Users in your department print to a laser printer that is connected to your computer via a parallel port. The laser printer is shared on your Windows NT Workstation and is used by Windows NT Workstation and Windows 95 clients. Both types of users noticed today that their print jobs are coming out garbled.
Required result
Ensure the printer issue is not related to network communications.
Optional desired results
Ensure the printer issue is not a spooler issue on your Windows NT Workstation.
Ensure the printer issue is not a driver issue.
Proposed solution
Remove sharing on the printer and try to print from your local workstation.
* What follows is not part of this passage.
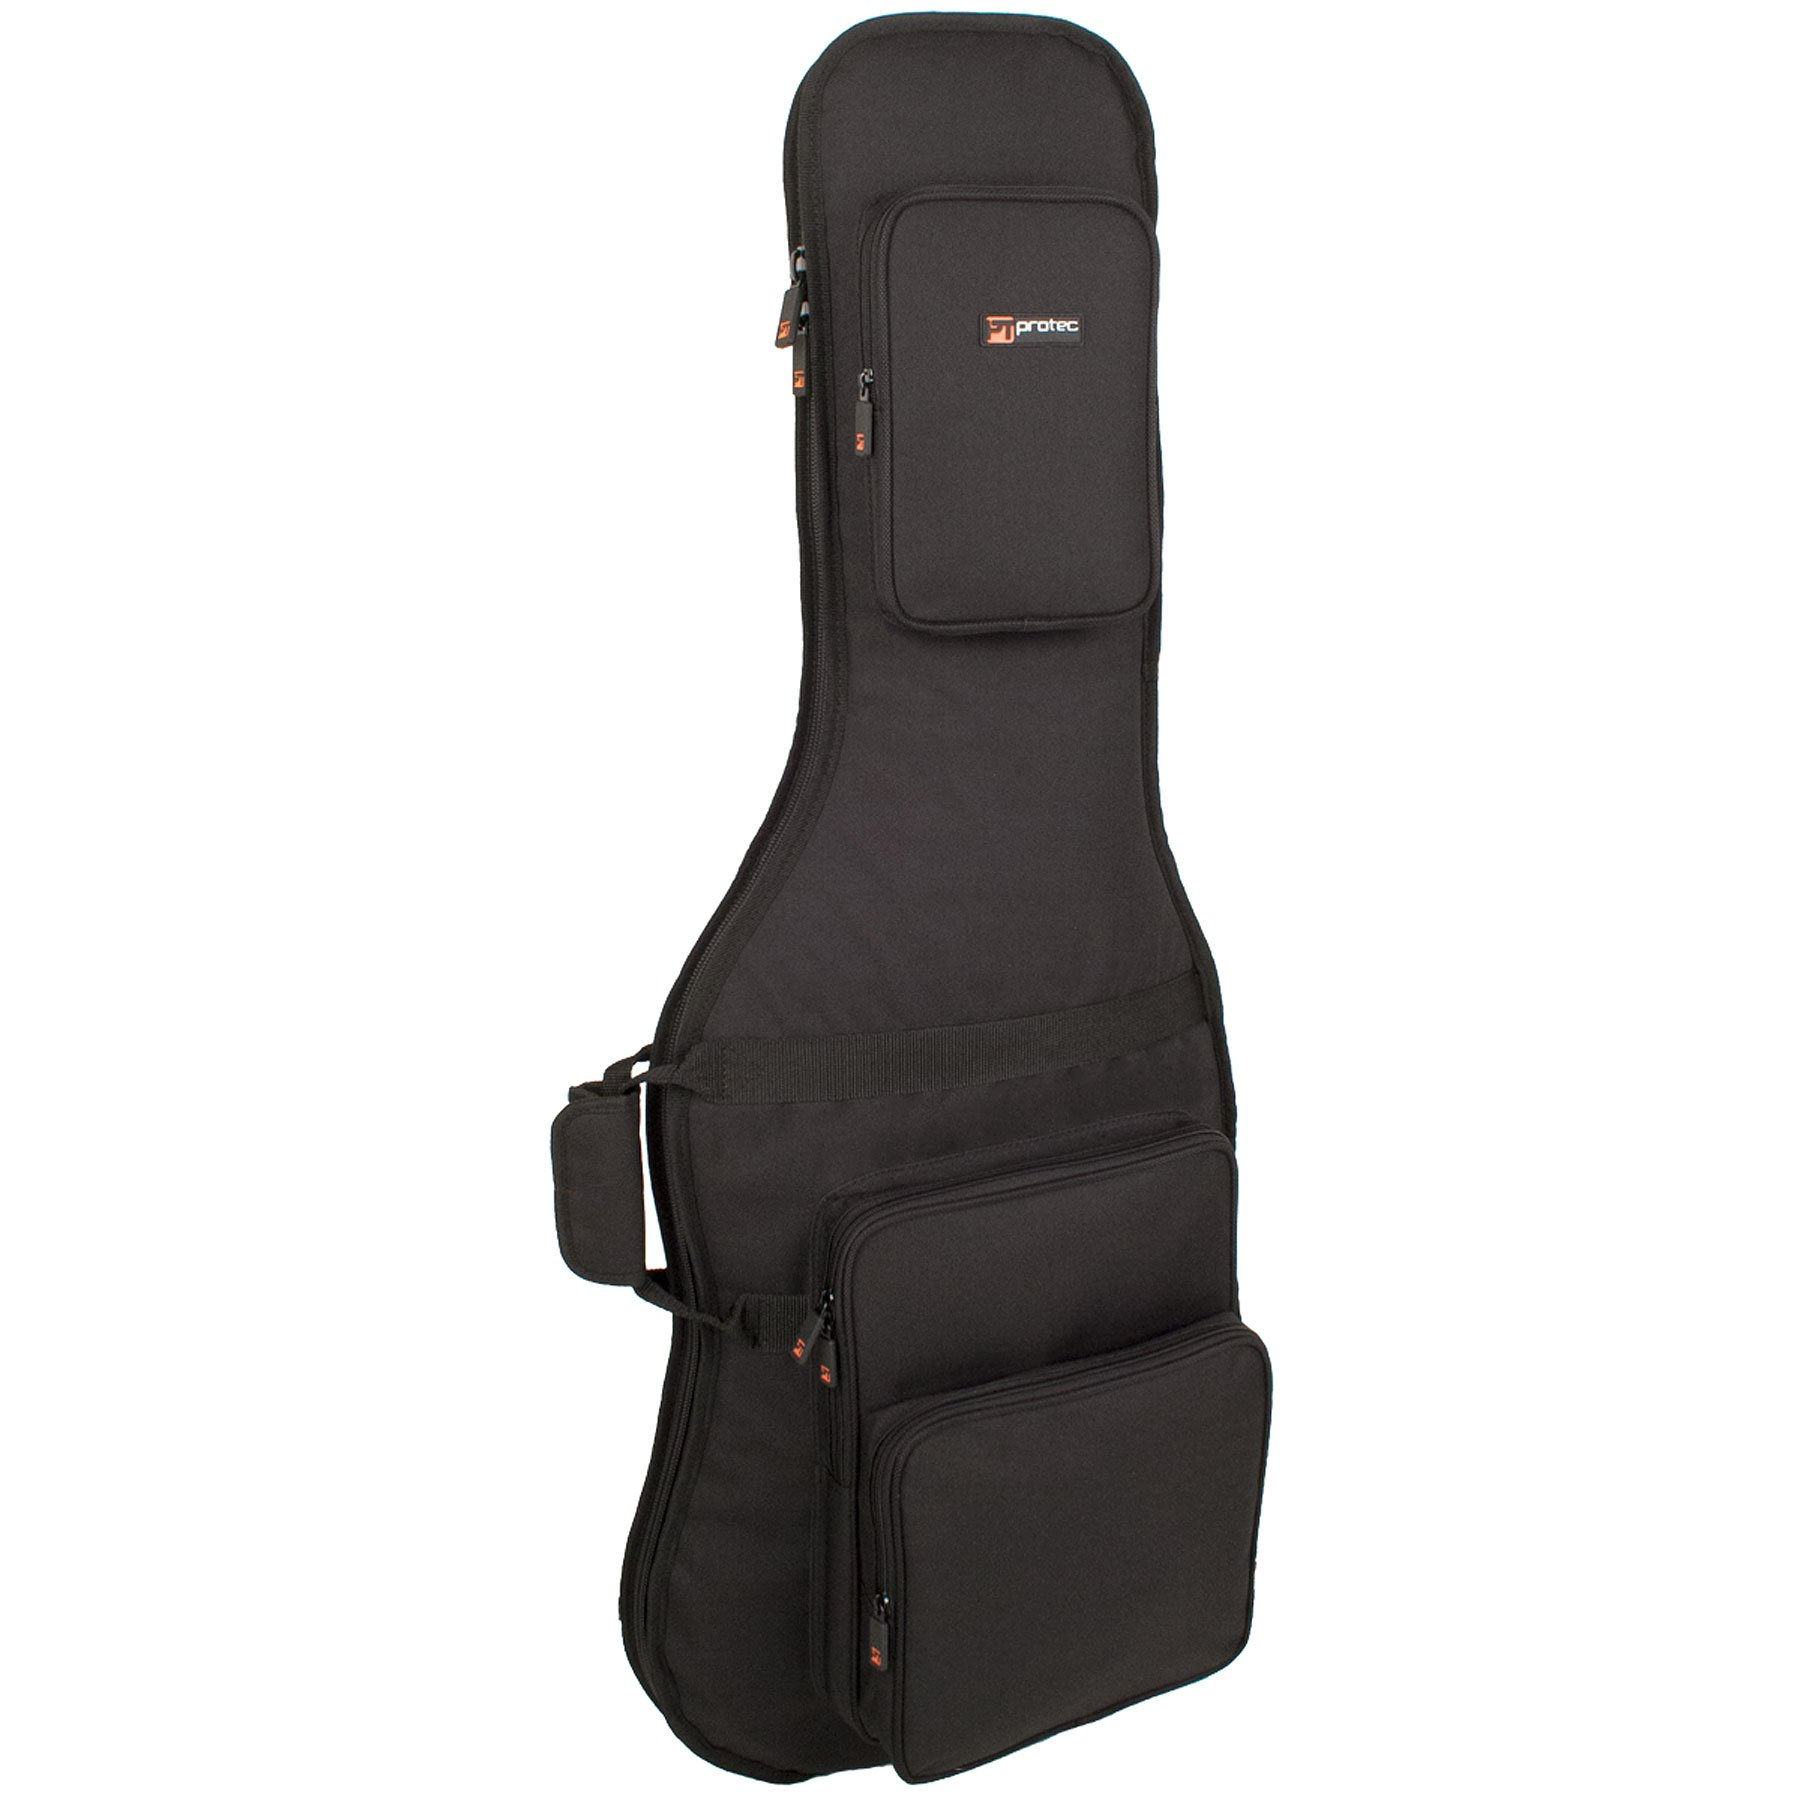 Protec CF234 Electric Guitar Gig Bag, Gold Series (Fits Strat/Tele Shaped Guitars)

Share the printer again and then stop and start the printer spooler under Control Panel | Services | Spooler.
Check to ensure there is an appropriate amount of free hard drive space on your Windows NT Workstation for the spool file.
Test the printing from the department workstations.
By removing sharing and printing locally from your workstation, you can ensure the issue is not networking related. Network errors may cause gibberish on pages if the packets are not received properly by your Windows NT Workstation. This satisfies the required result. The spool file for networked printers is stored under %systemroot%\System32\Spool\Printers. You need to ensure there is enough space on the partition that stores the spool file to handle print jobs. You need twice the size of the largest anticipated print job in free hard drive space. This satisfies the first optional desired result. You did not address the driver issue. Corrupted drivers can cause garbled print jobs. You check the drivers by uninstalling them and then reinstalling them. This does not satisfy the second optional desired result.
The proposed solution does not meet the required result.